I never understand why people don't get the seriousness of these situations and why people are out driving or walking around? Every time there are these major storms, people lose their lives because they haven't made good decisions and prepared for the storm by getting to where they need to be before it hits. "Stay off the roads, stay indoors, stay on high ground."


----------



## Sentry18 (Aug 5, 2012)

weedygarden said:


> I never understand why people don't get the seriousness of these situations and why people are out driving or walking around? Every time there are these major storms, people lose their lives because they haven't made good decisions and prepared for the storm by getting to where they need to be before it hits. "Stay off the roads, stay indoors, stay on high ground."

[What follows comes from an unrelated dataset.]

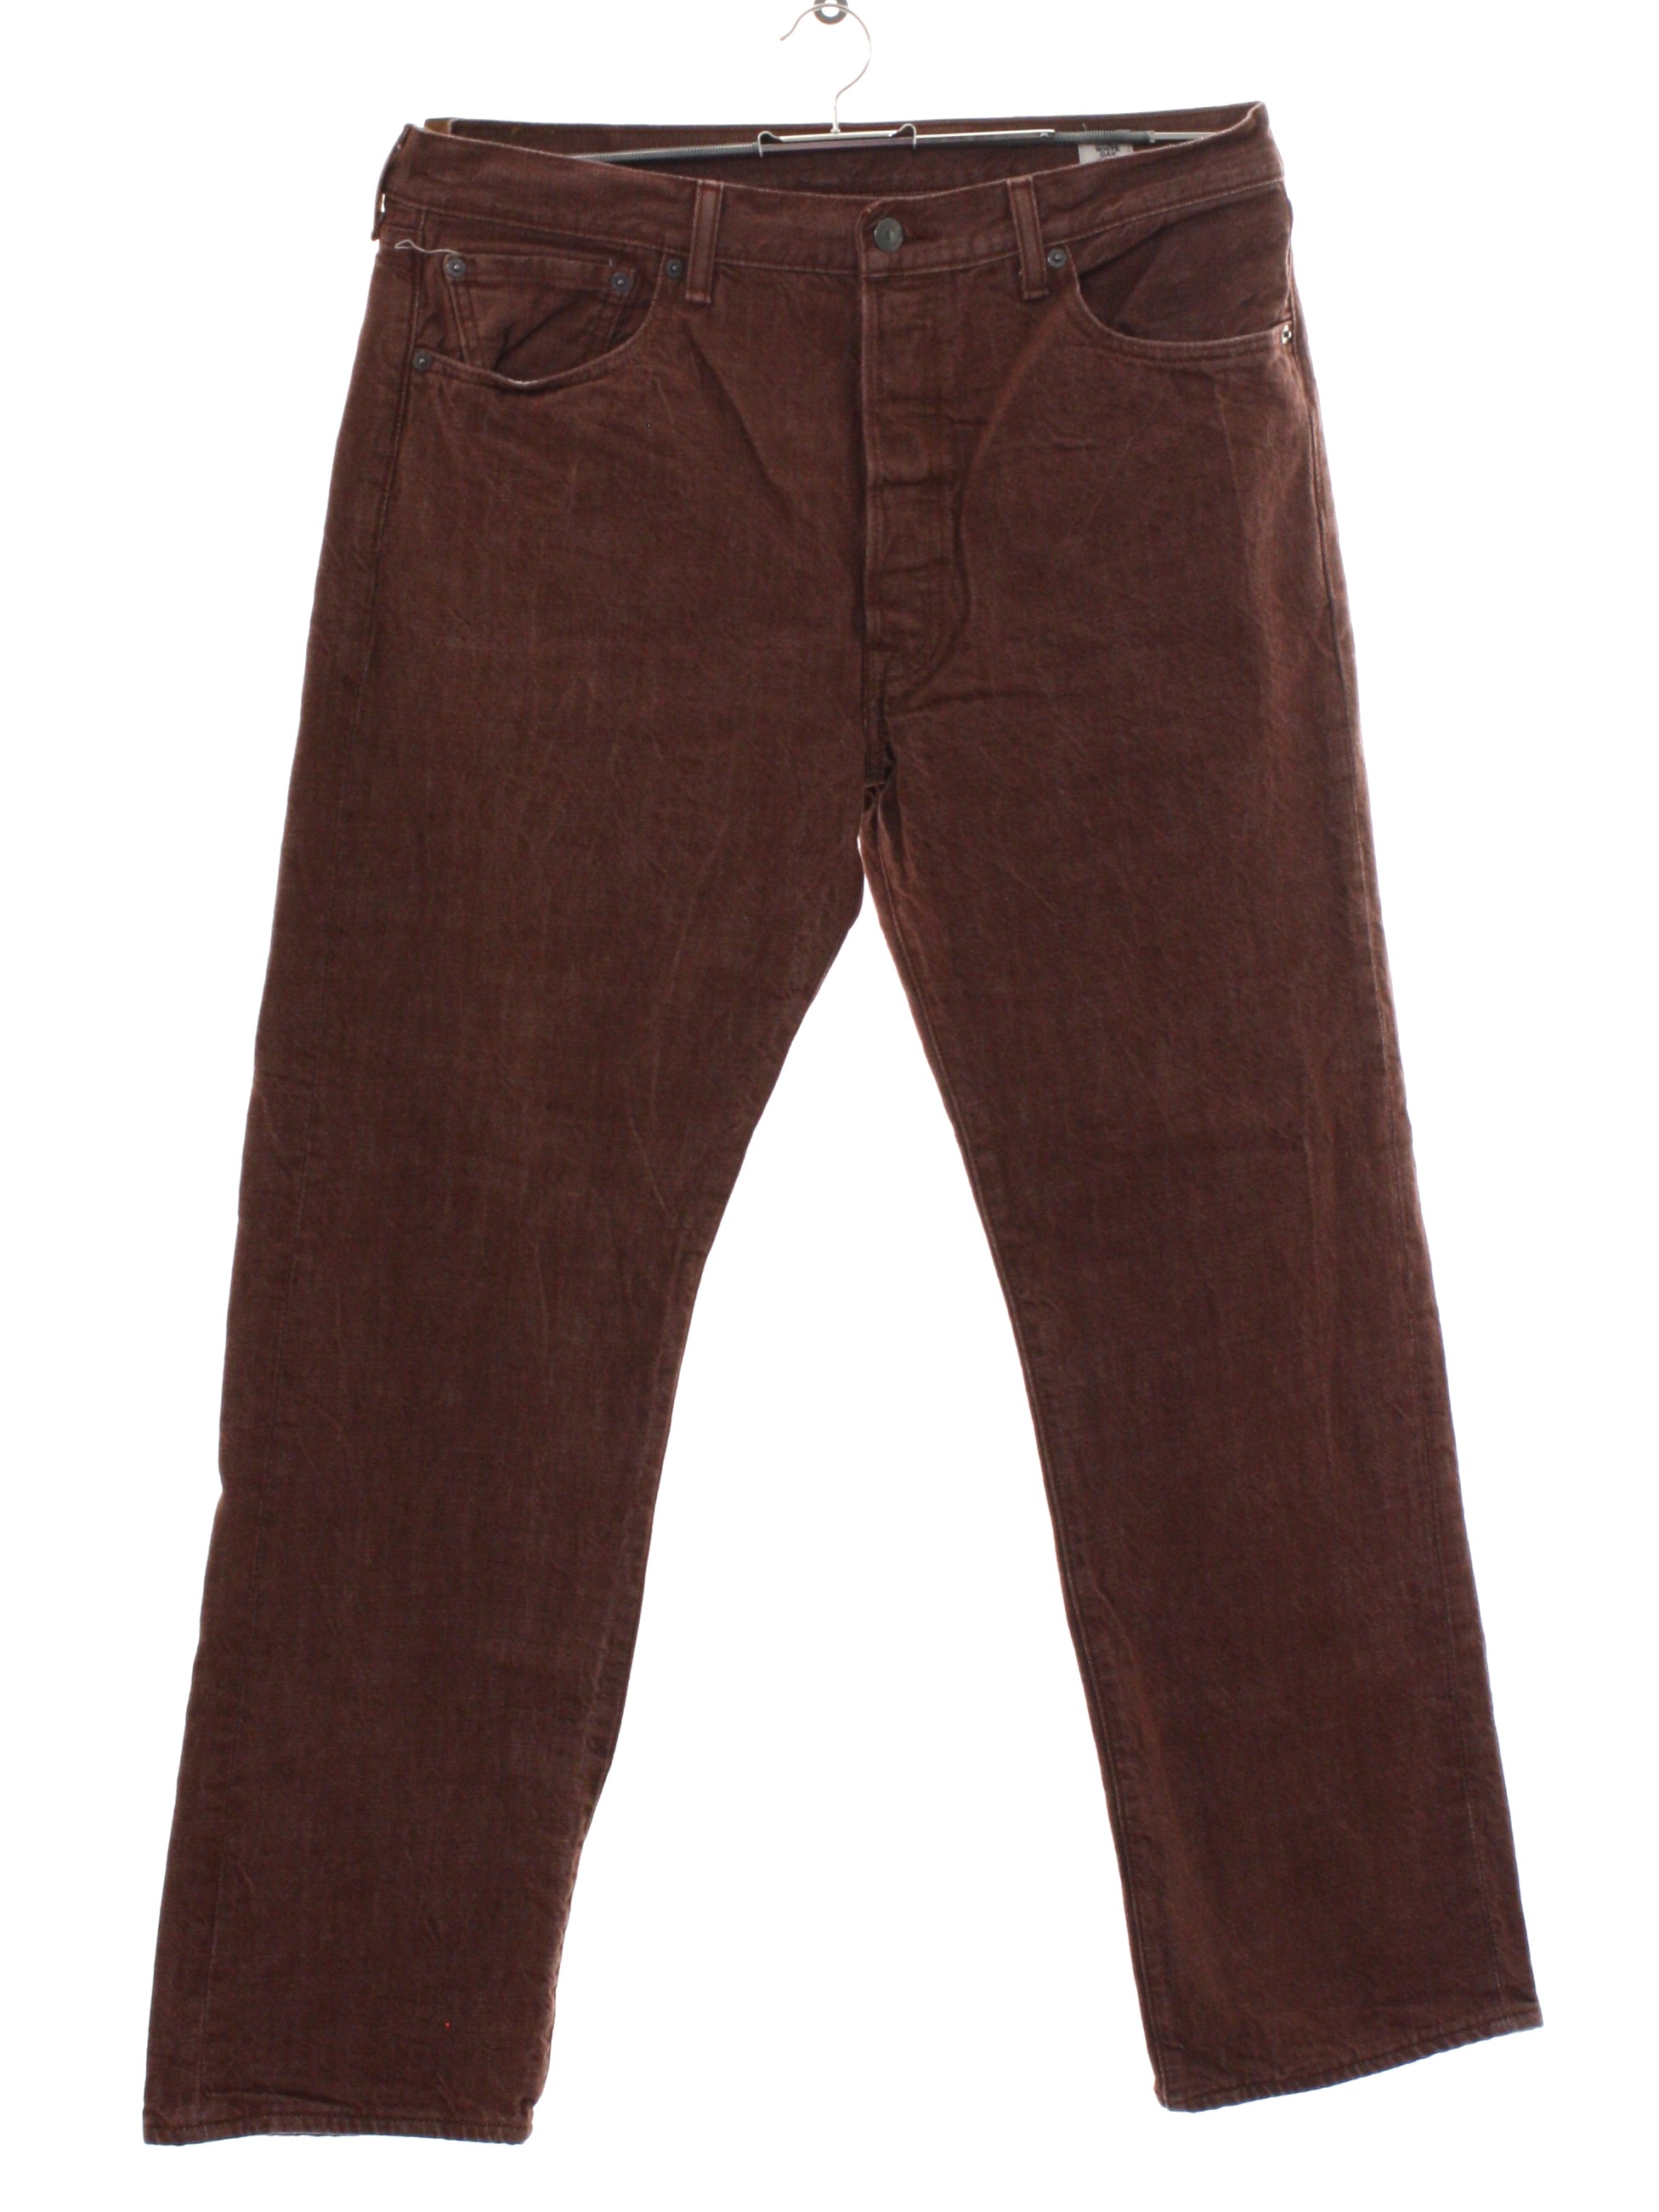 brown levis jeans

Natural selection my friend, natural selection.


----------



## weedygarden (Apr 27, 2011)

Sentry18 said:


> Natural selection my friend, natural selection.


Oh, yes! It is one way to take out some of the idiots.

One video clip I have seen is of a man driving his nice white pickup truck into deeper and deeper water. What the heck is wrong with his thinking? Never mind, he wasn't thinking!

Currently there are more than 1000 calls out in Houston for help. I believe some people want this kind of excitement in their lives. I grew up in a dysfunctional family. I know how this works. Don't take care of business until you can have a bunch of drama to give everyone an adrenaline rush. Then you have stories to tell about what YOU experienced. It gives people attention, which some people feel they never have enough of. :scratch

As with holidays, there are people whose personal lives are a mess, and they cannot stay put. Ever see the people out and about at Christmas?

Also, the people with addictions need to get their next hits of meth, heroine, cocaine, or whatever other monkey they put on their back. How about needing the next drinks?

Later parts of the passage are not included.